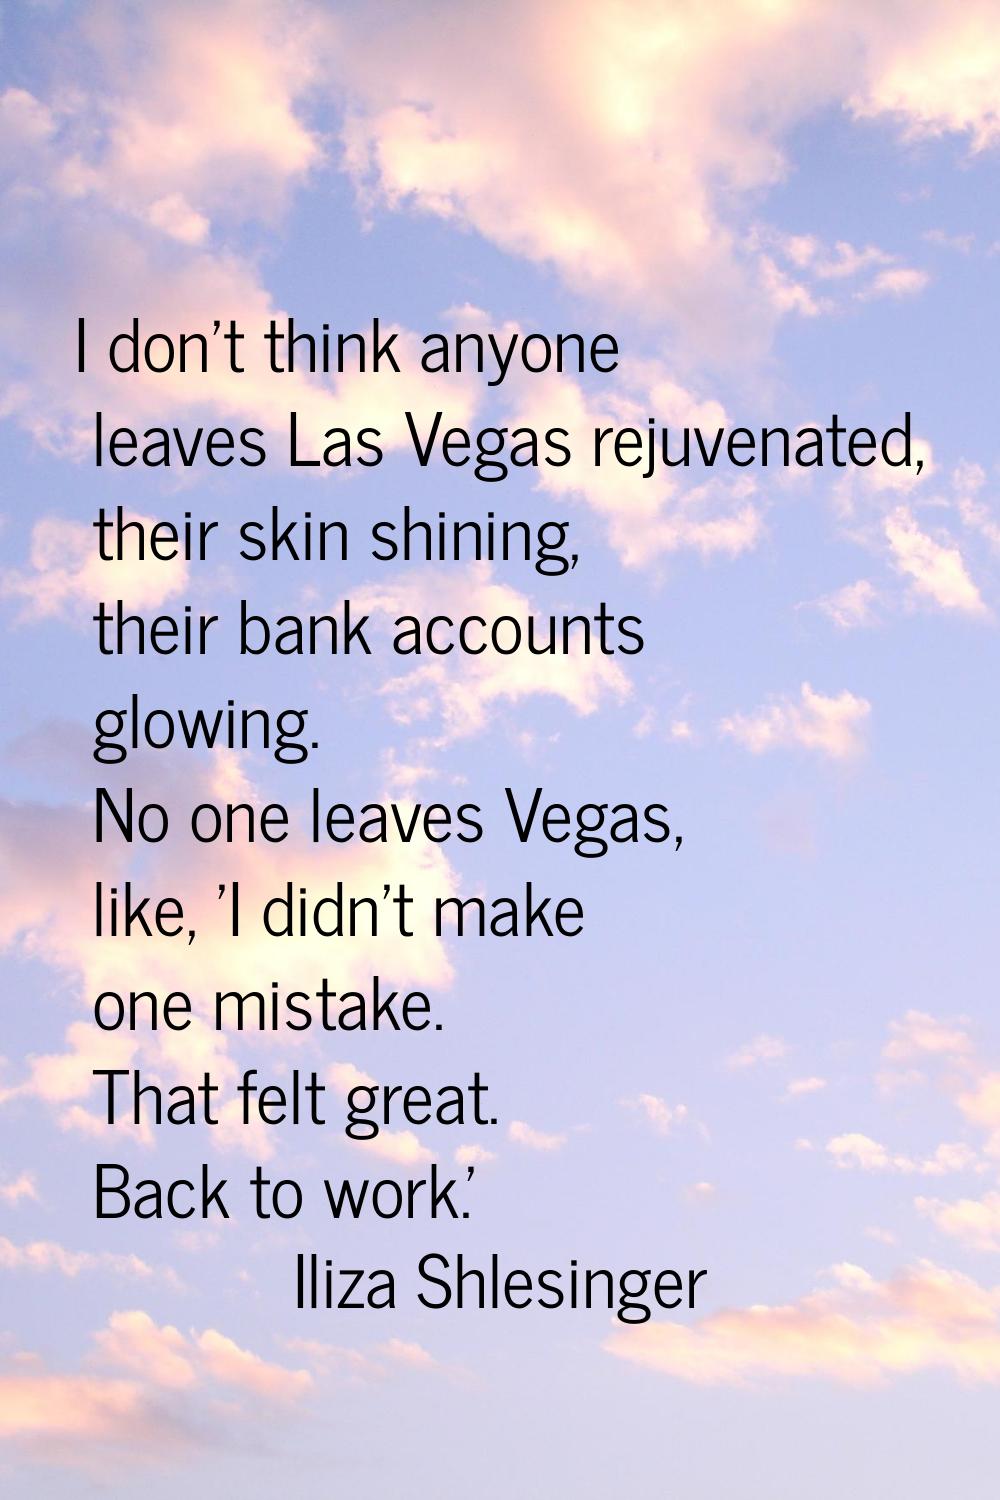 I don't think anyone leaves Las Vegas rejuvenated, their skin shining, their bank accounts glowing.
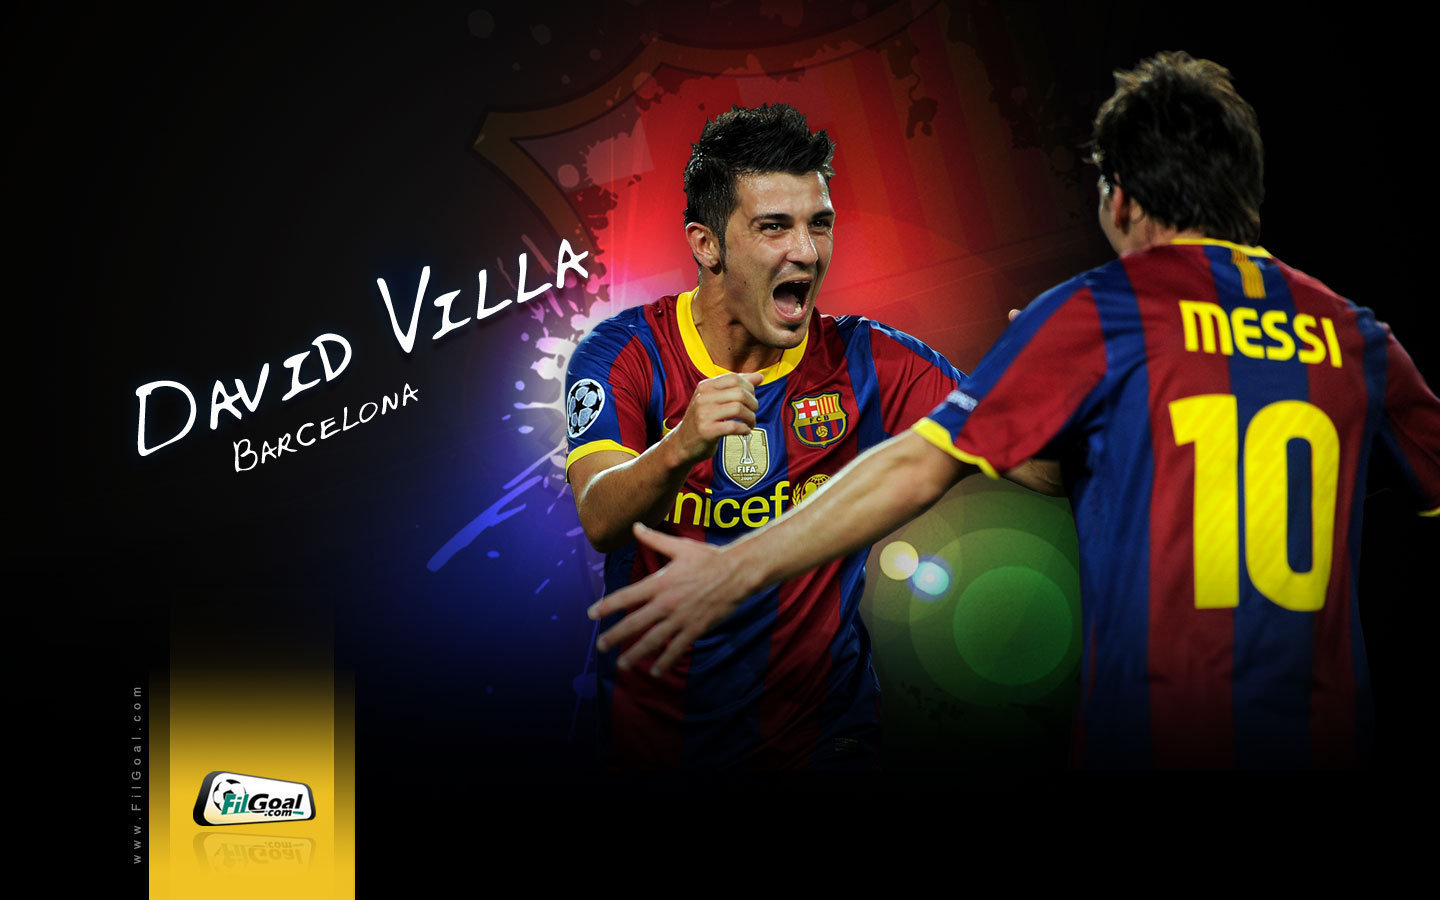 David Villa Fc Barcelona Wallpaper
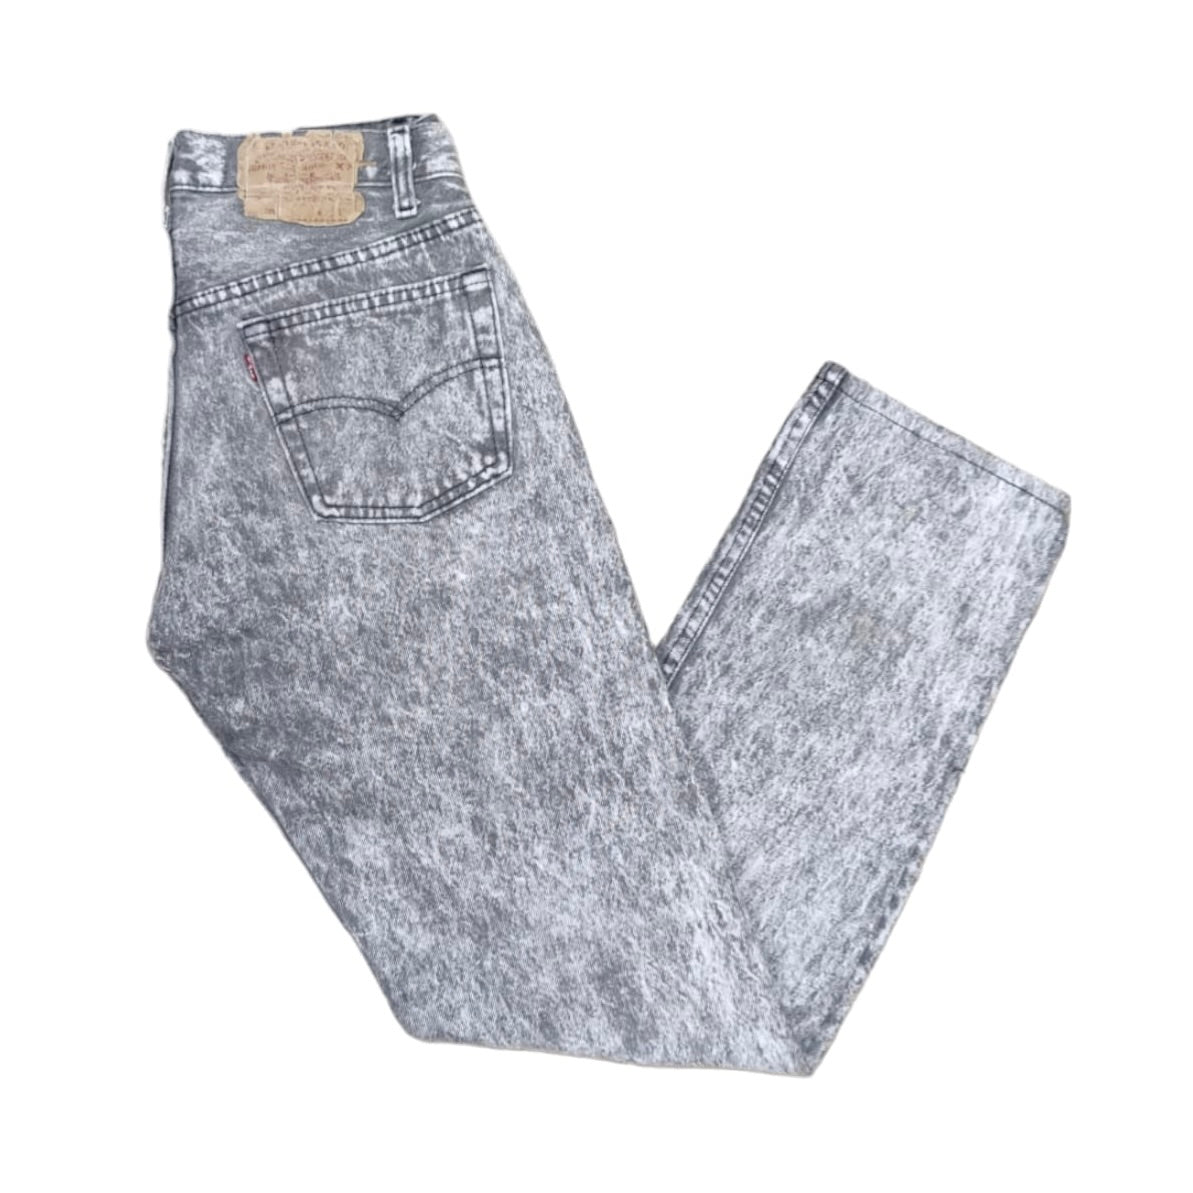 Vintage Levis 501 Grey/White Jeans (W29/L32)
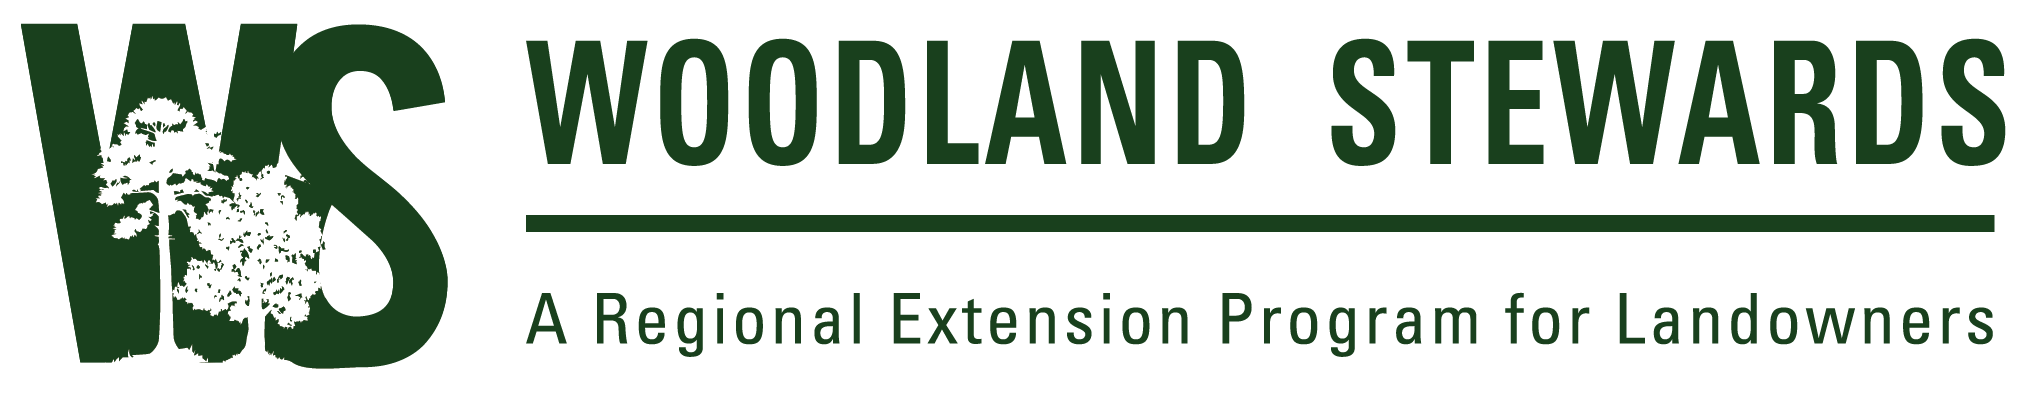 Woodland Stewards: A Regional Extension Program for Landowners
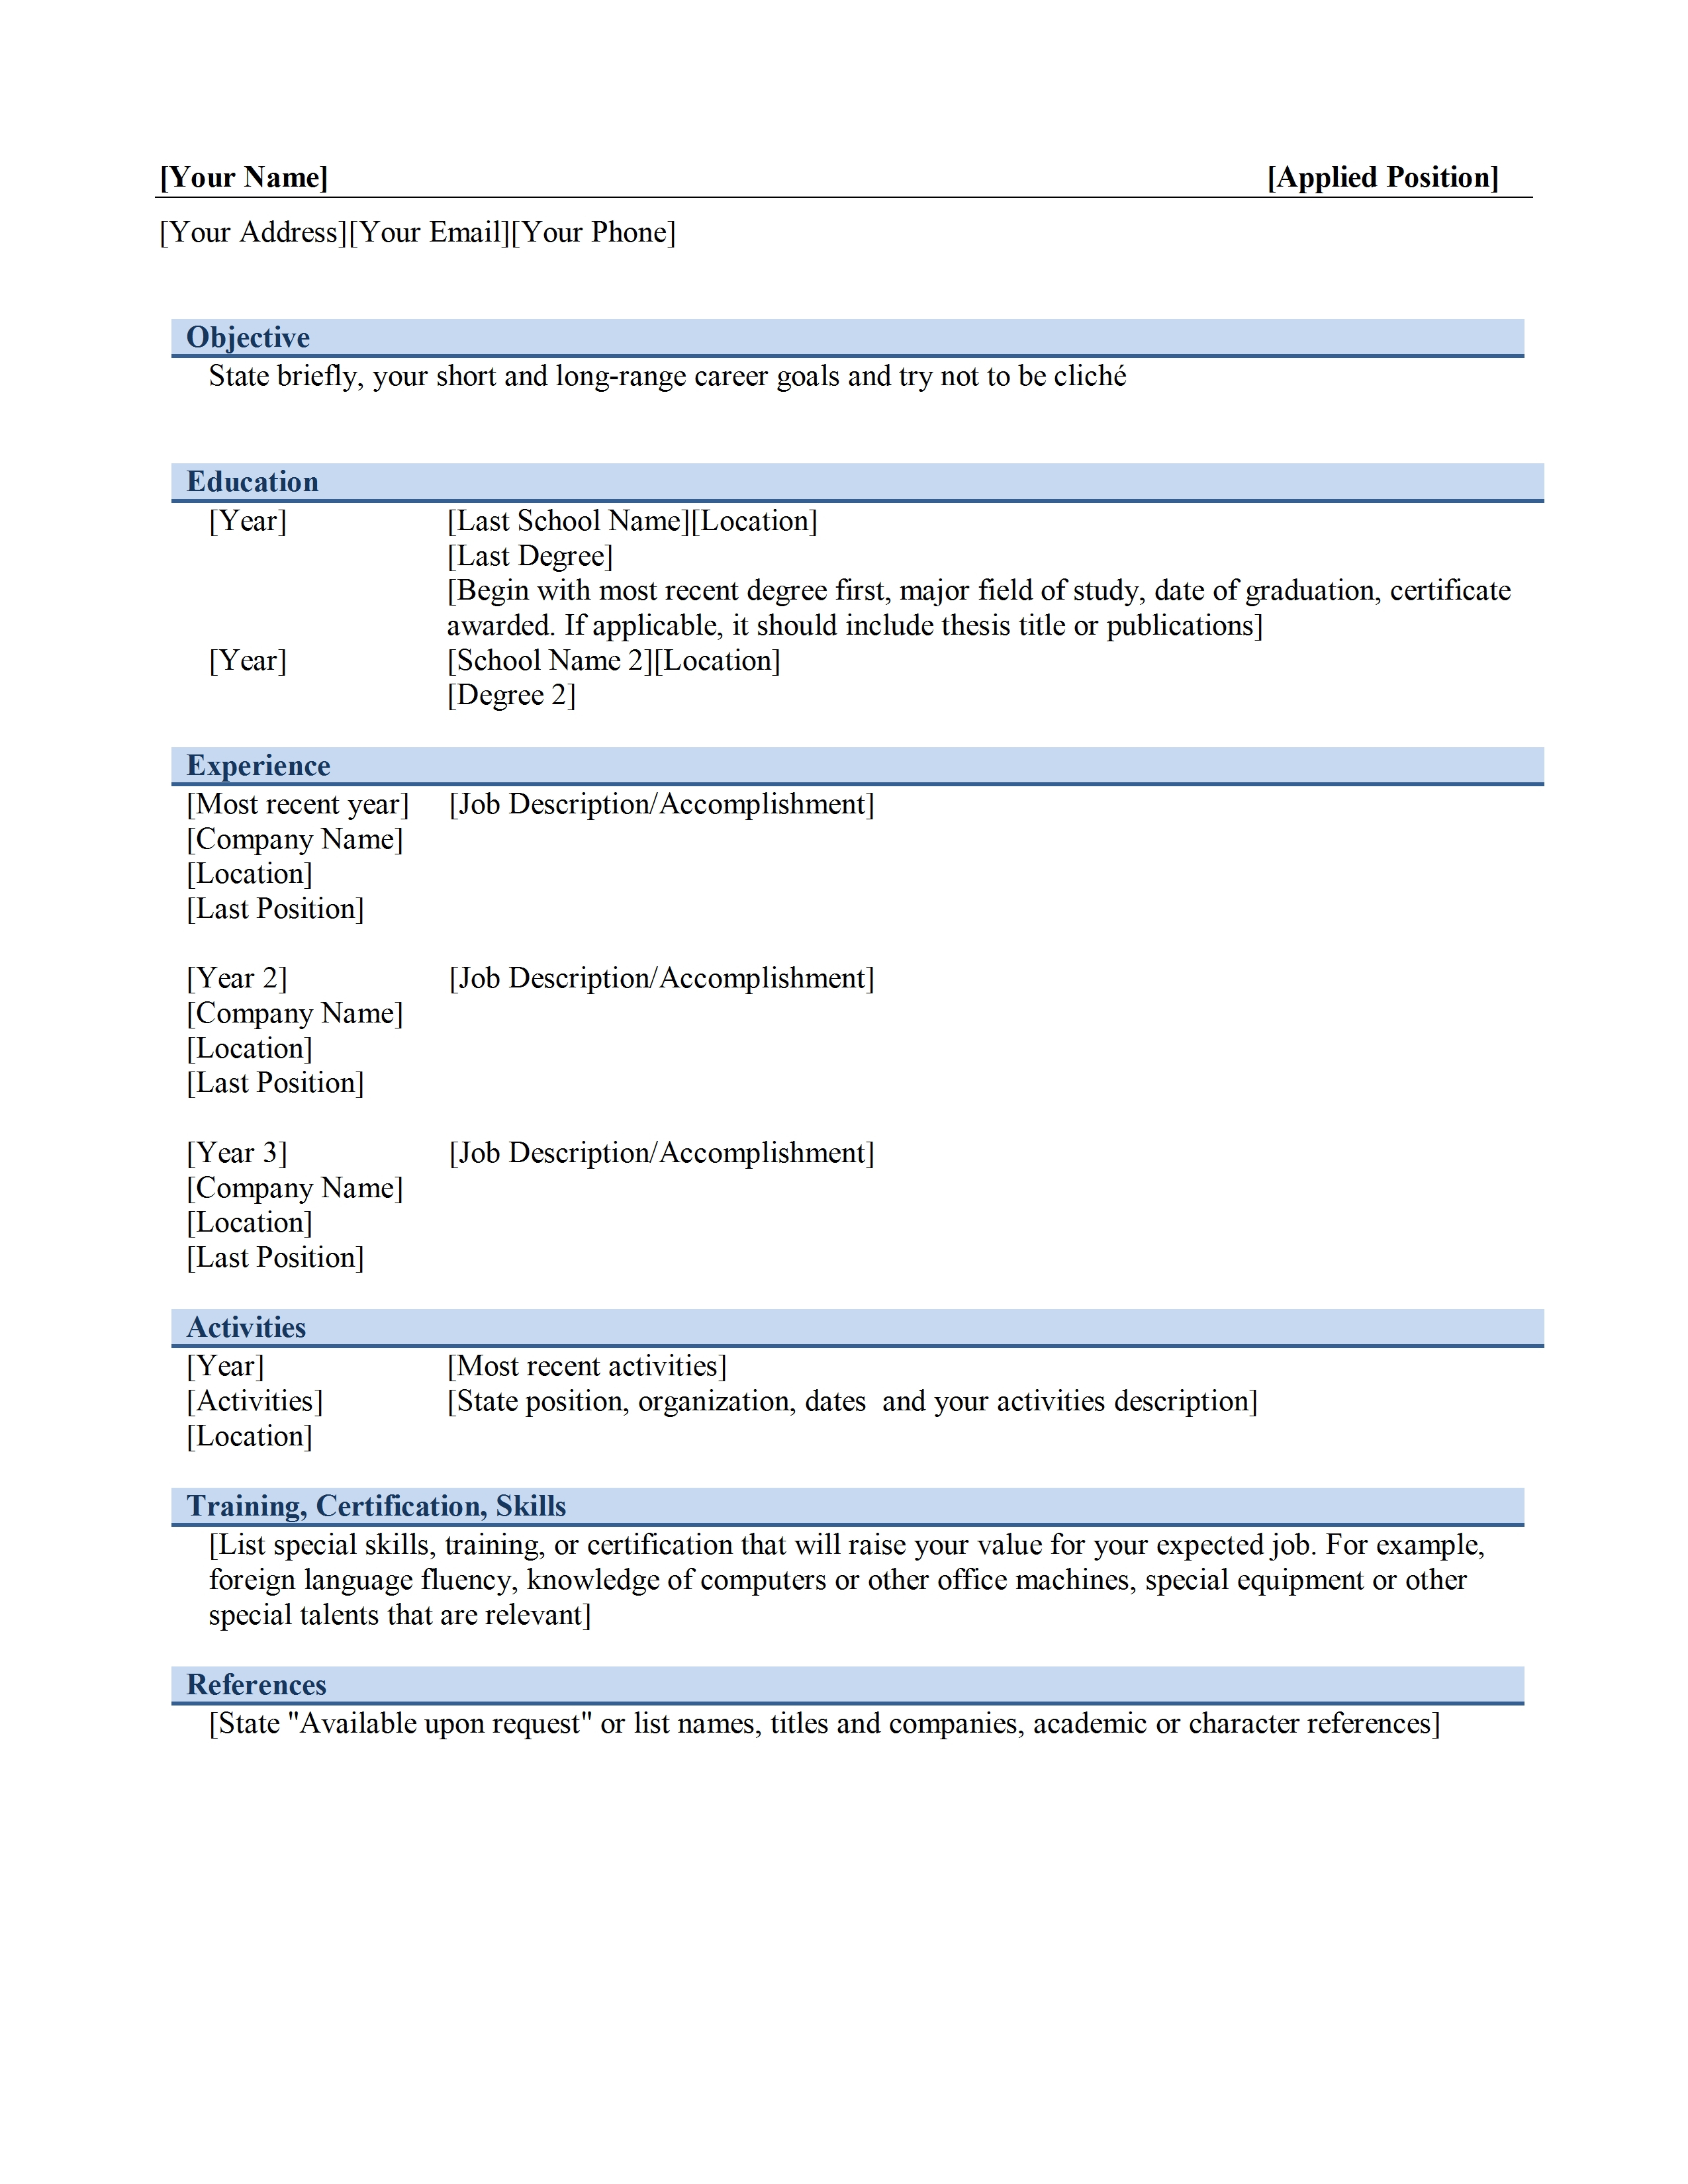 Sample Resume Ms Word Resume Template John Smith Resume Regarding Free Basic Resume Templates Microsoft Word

※

* [WHAT YOU NEED TO DO]:
Leaving out every picture, extract verbatim the lines from the one containing "David Villa Fc Barcelona Wallpaper" through the last line of the listing, inclusive.

* [SOLUTION BELOW]:
 David Villa Fc Barcelona Wallpaper
 Vintage Levis 501 Grey/White Jeans (W29/L32)
 Woodland Stewards: A Regional Extension Program for Landowners
 Sample Resume Ms Word Resume Template John Smith Resume Regarding Free Basic Resume Templates Microsoft Word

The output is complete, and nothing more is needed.